Oracle Database uses rowids internally for the construction of indexes. A B-tree index, which is the most common type, contains an ordered list of keys divided into ranges. Each key is associated with a rowid that points to the associated row's address for fast access. End users and application developers can also use rowids for several important functions:

（1）Rowids are the fastest means of accessing particular rows.

（2）Rowids provide the ability to see how a table is organized.

（3）Rowids are unique identifiers for rows in a given table.

You can also create tables with columns defined using the ROWID data type. For example, you can define an exception table with a column of data type ROWID to store the rowids of rows that violate integrity constraints. Columns defined using the ROWID data type behave like other table columns: values can be updated, and so on.

Overview of Table Clusters

A table cluster is a group of tables that share common columns and store related data in the same blocks. When tables are clustered, a single data block can contain rows from multiple tables. For example, a block can store rows from both the employees and departments tables rather than from only a single table.

The cluster key is the column or columns that the clustered tables have in common. For example, the employees and departments tables share the department_id column. You specify the cluster key when creating the table cluster and when creating every table added to the table cluster.

The cluster key value is the value of the cluster key columns for a particular set of rows. All data that contains the same cluster key value, such as department_id=20, is physically stored together. Each cluster key value is stored only once in the cluster and the cluster index, no matter how many rows of different tables contain the value.

For an analogy, suppose an HR manager has two book cases: one with boxes of employees folders and the other with boxes of departments folders. Users often ask for the folders for all employees in a particular department. To make retrieval easier, the manager rearranges all the boxes in a single book case. She divides the boxes by department ID. Thus, all folders for employees in department 20 and the folder for department 20 itself are in one box; the folders for employees in department 100 and the folder for department 100 are in a different box, and so on.

You can consider clustering tables when they are primarily queried (but not modified) and records from the tables are frequently queried together or joined. Because table clusters store related rows of different tables in the same data blocks, properly used table clusters offer the following benefits over nonclustered tables:

（1）Disk I/O is reduced for joins of clustered tables.

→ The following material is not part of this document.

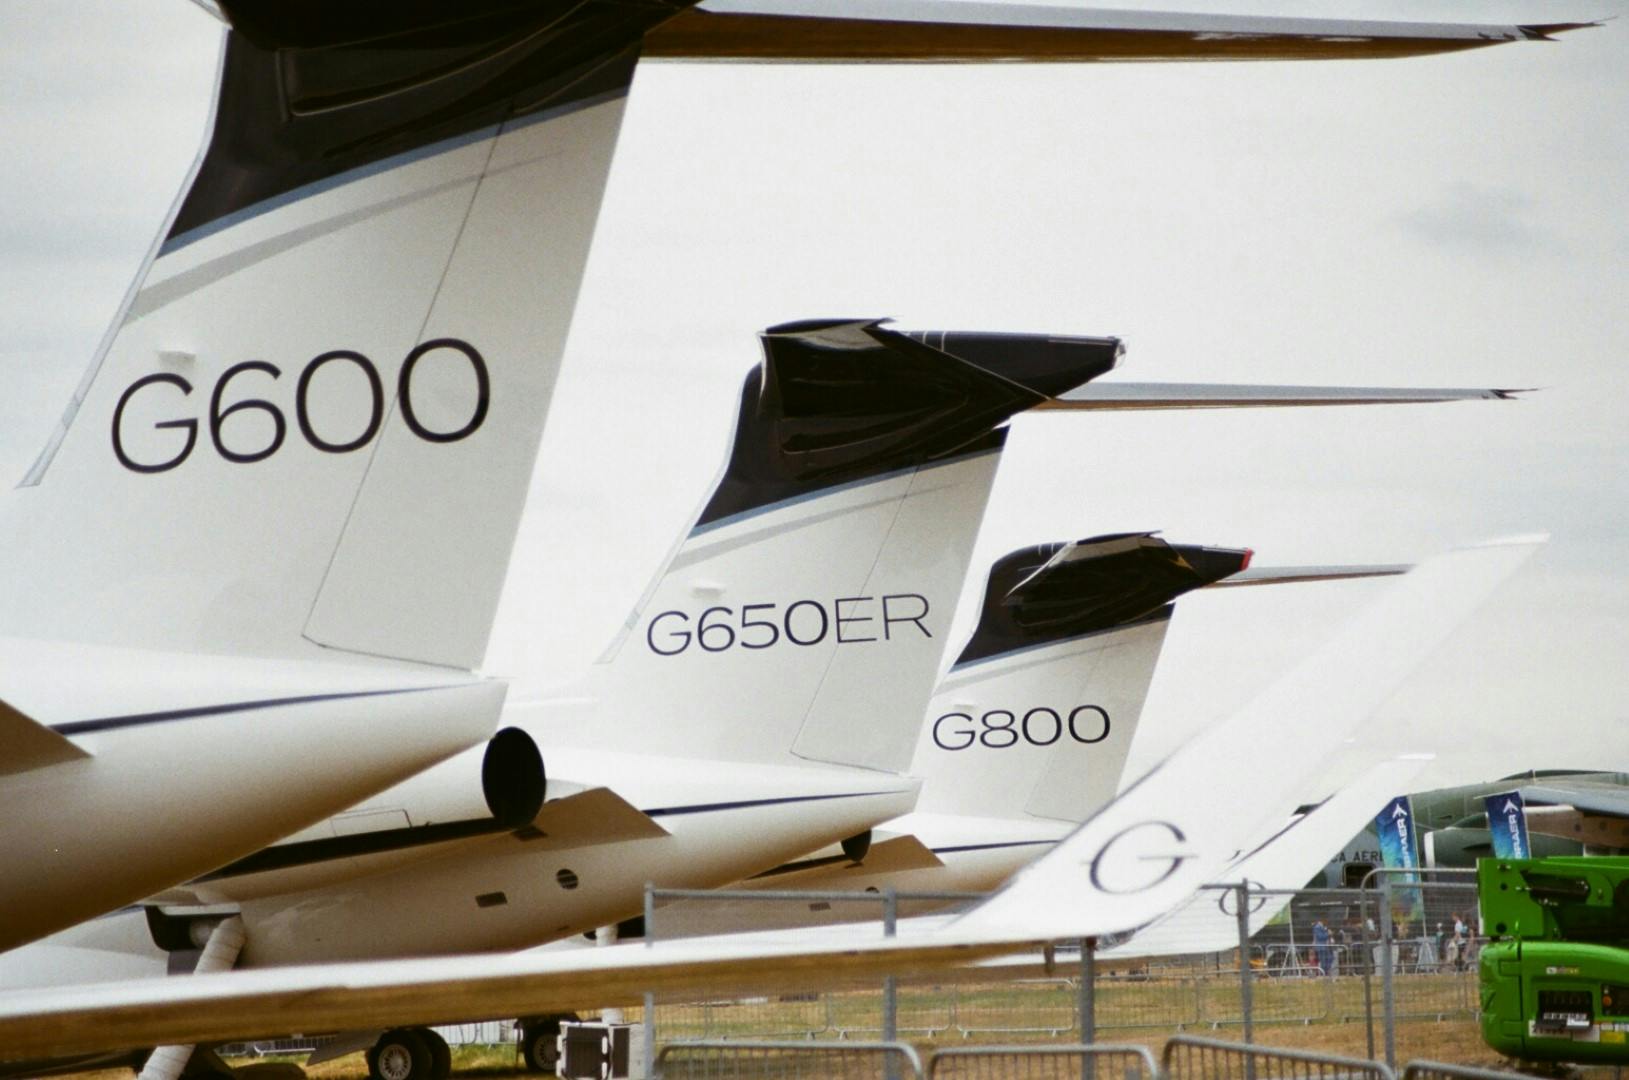 Farnborough Airshow 2022 - Gulfsteam Jets

（2）Access time improves for joins of clustered tables.

（3）Less storage is required to store related table and index data because the cluster key value is not stored repeatedly for each row.

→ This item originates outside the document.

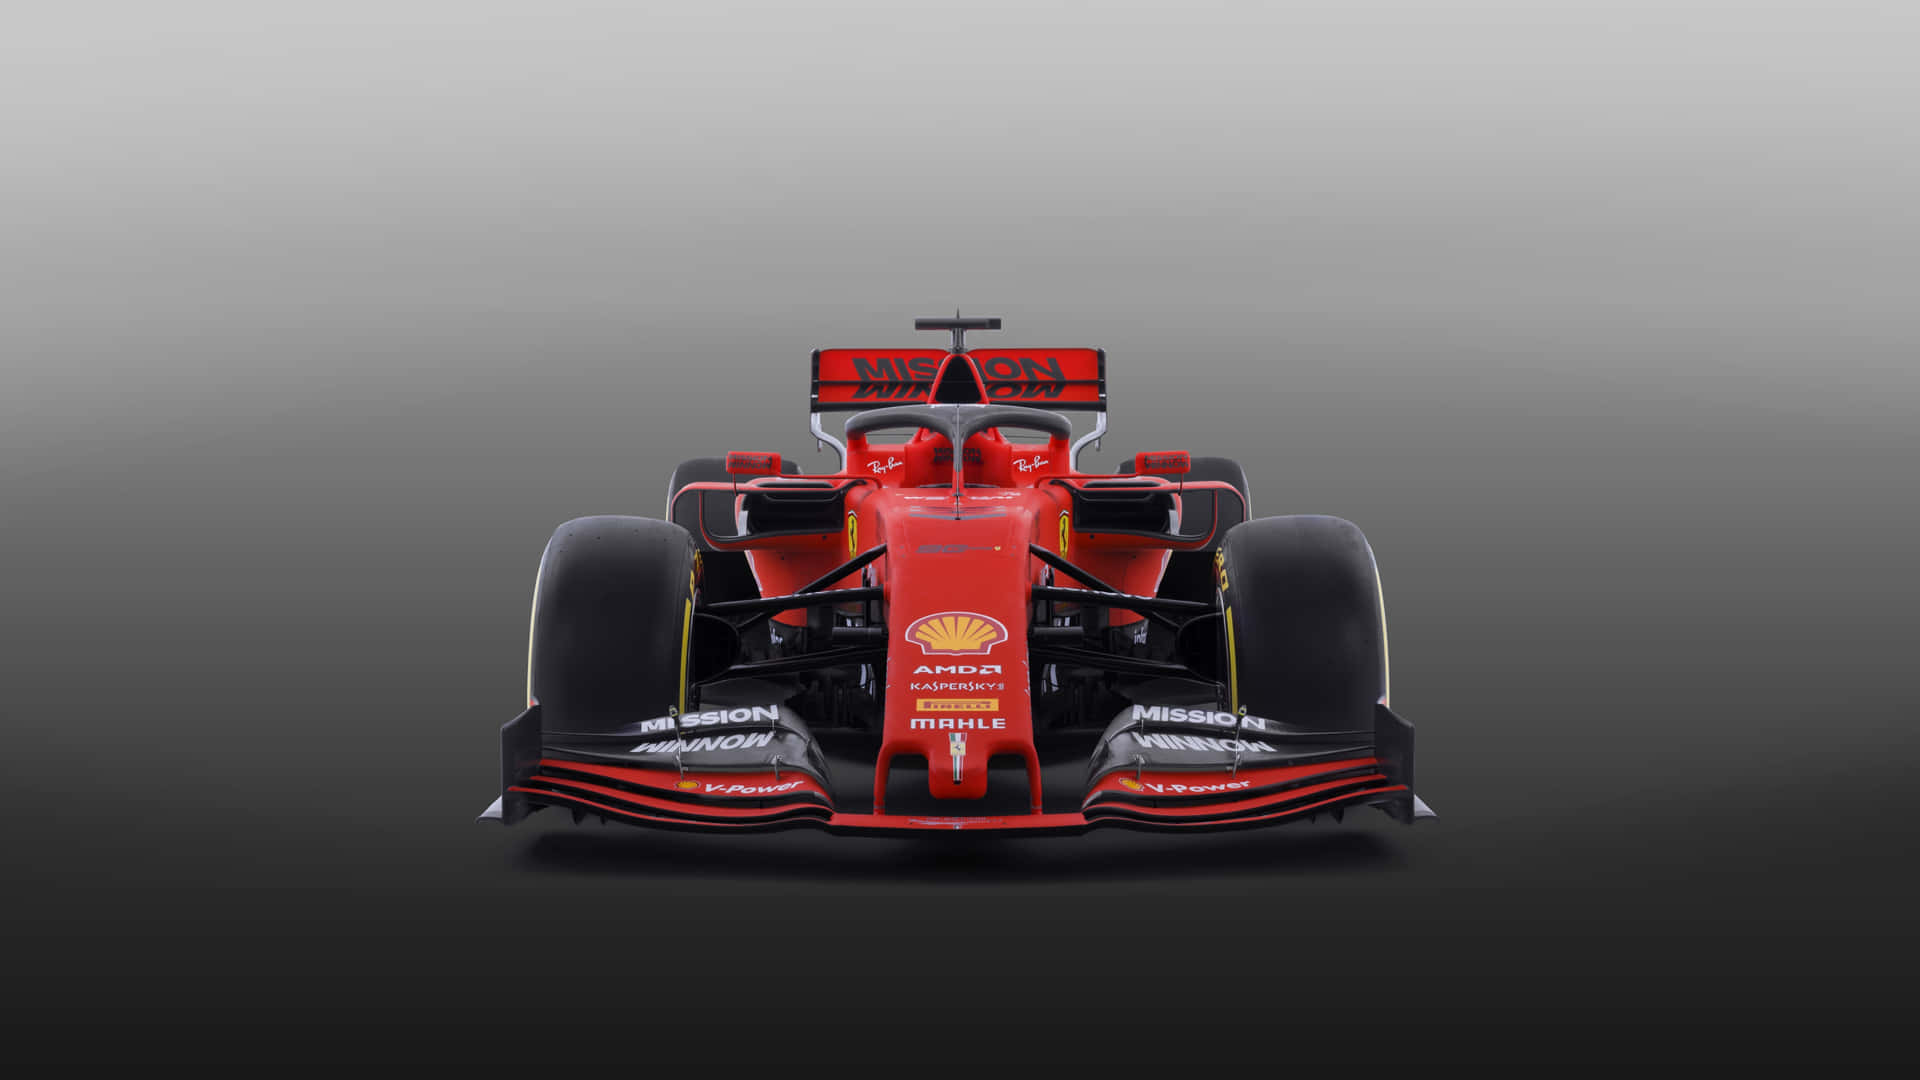 Ferrarif1 Auto In Rot Auf Einem Grauen Hintergrund Wallpaper

Typically, clustering tables is not appropriate in the following situations:

（1）The tables are frequently updated.

（2）The tables frequently require a full table scan.

（3）The tables require truncating.

Overview of Index-Organized Tables

An index-organized table is a table stored in a variation of a B-tree index structure.

In a heap-organized table, rows are inserted where they fit.

In an index-organized table, rows are stored in an index defined on the primary key for the table.

Each index entry in the B-tree also stores the non-key column values. Thus, the index is the data, and the data is the index. Applications manipulate index-organized tables just like heap-organized tables, using SQL statements.

For an analogy of an index-organized table, suppose a human resources manager has a book case of cardboard boxes. Each box is labeled with a number—1, 2, 3, 4, and so on—but the boxes do not sit on the shelves in sequential order. Instead, each box contains a pointer to the shelf location of the next box in the sequence.

Folders containing employee records are stored in each box. The folders are sorted by employee ID. Employee King has ID 100, which is the lowest ID, so his folder is at the bottom of box 1. The folder for employee 101 is on top of 100, 102 is on top of 101, and so on until box 1 is full. The next folder in the sequence is at the bottom of box 2.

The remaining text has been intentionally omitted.